***** Dataset section

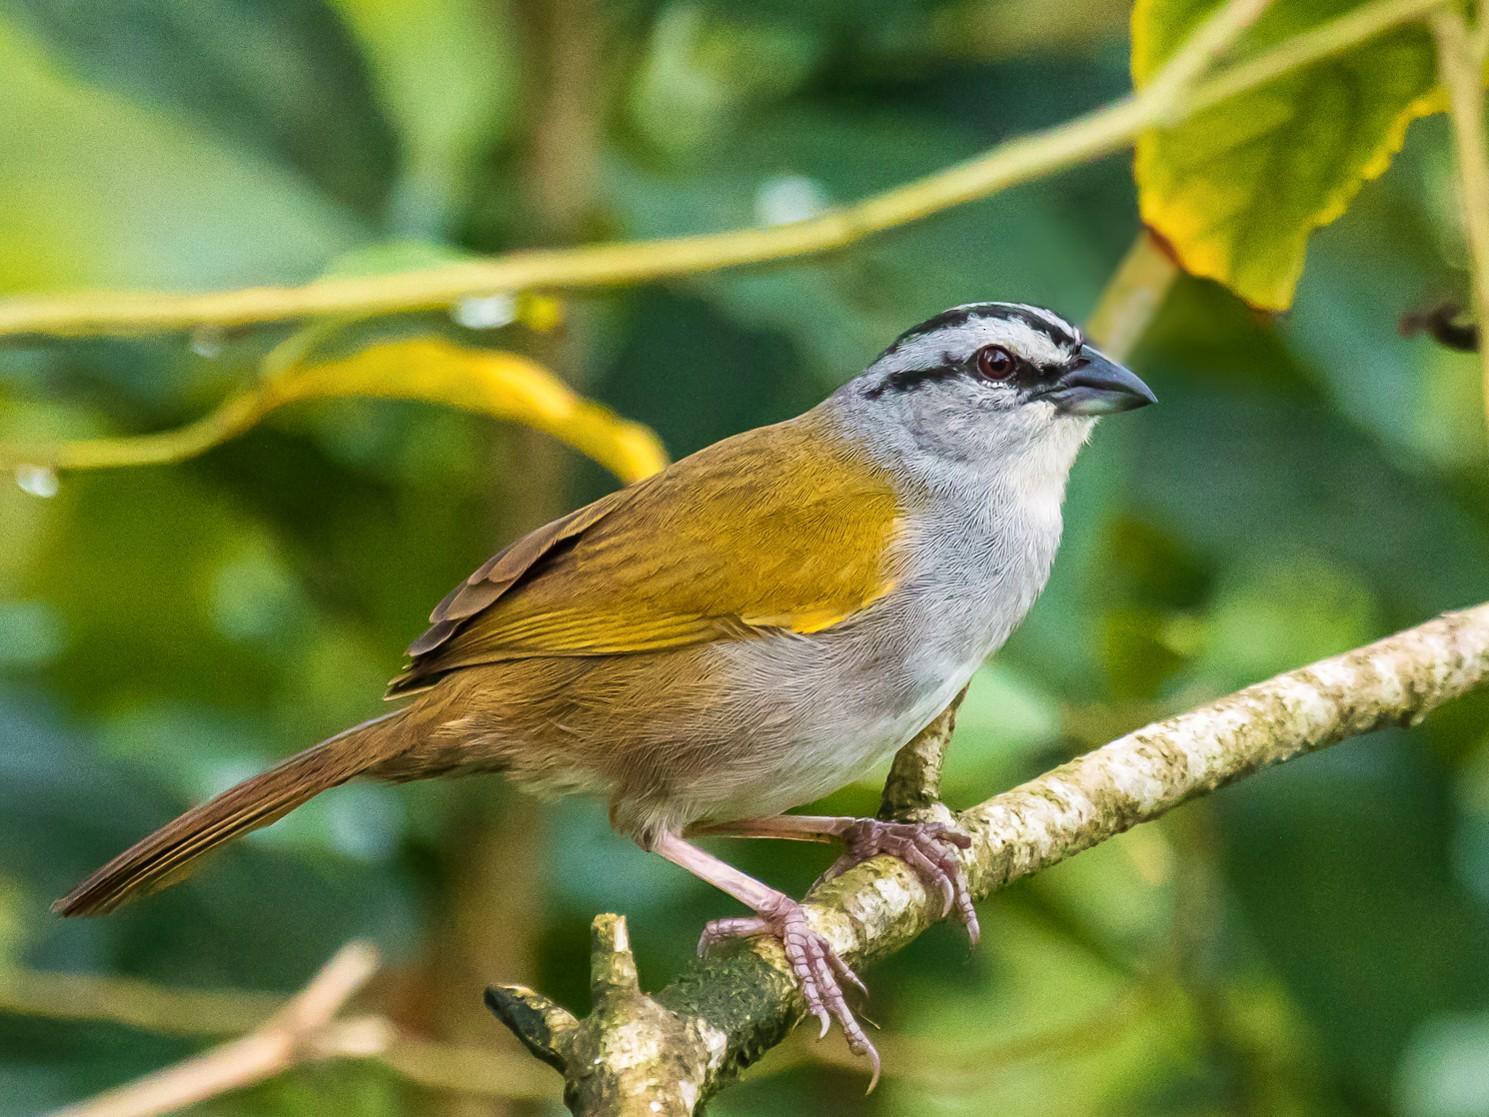 Black-striped Sparrow - graichen & recer
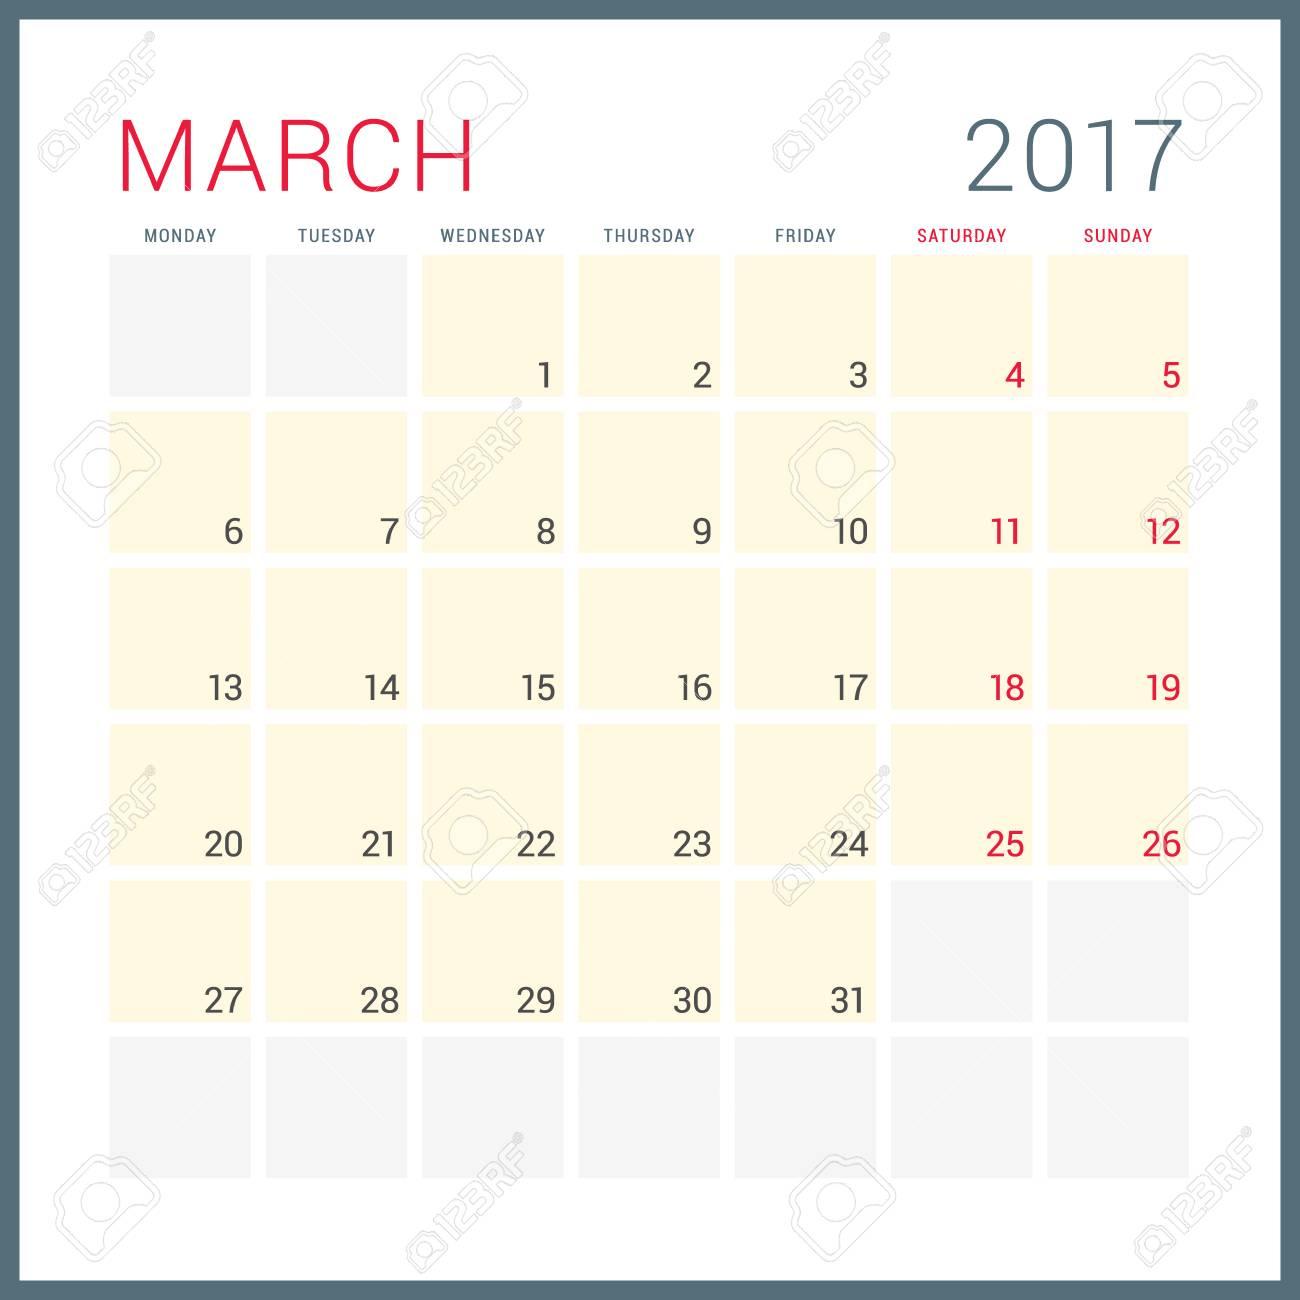 Fantastisch Kalenderplaner Vorlage Bilder - Entry Level Resume ...
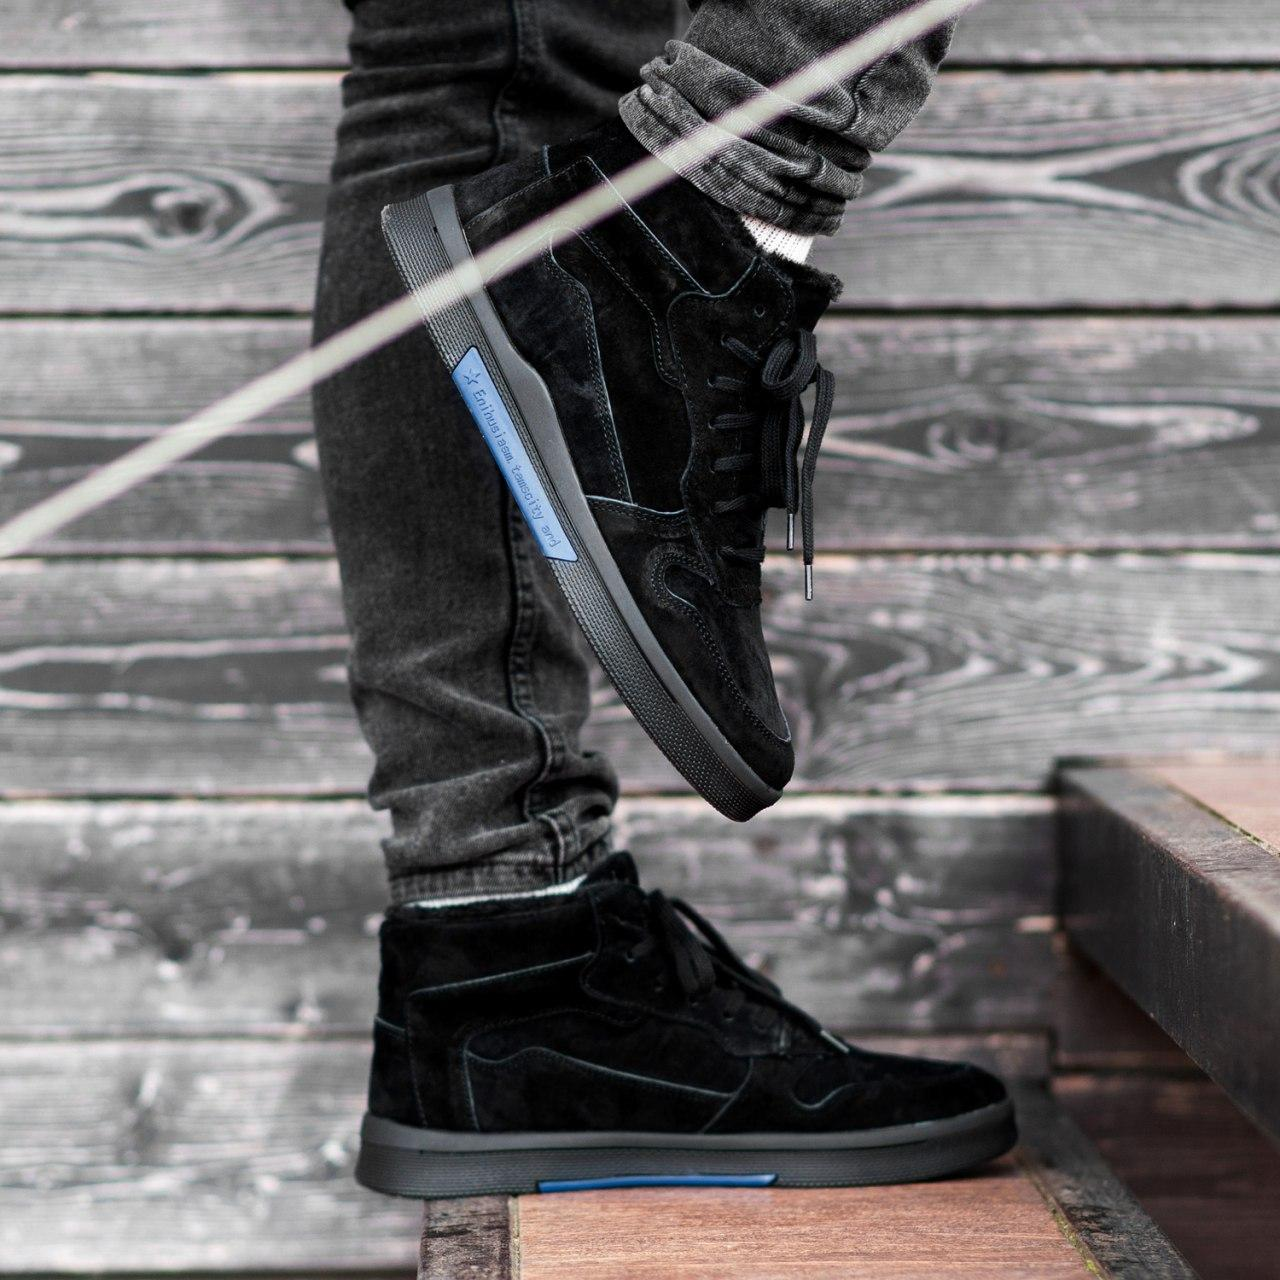 Ботинки South Oriole black - фото 1

**********

## Task goal:
Repeat the data word for word. Skip the pictures.

## Solution for this exercise:
 Black-striped Sparrow - graichen & recer
 Fantastisch Kalenderplaner Vorlage Bilder - Entry Level Resume ...
 Ботинки South Oriole black - фото 1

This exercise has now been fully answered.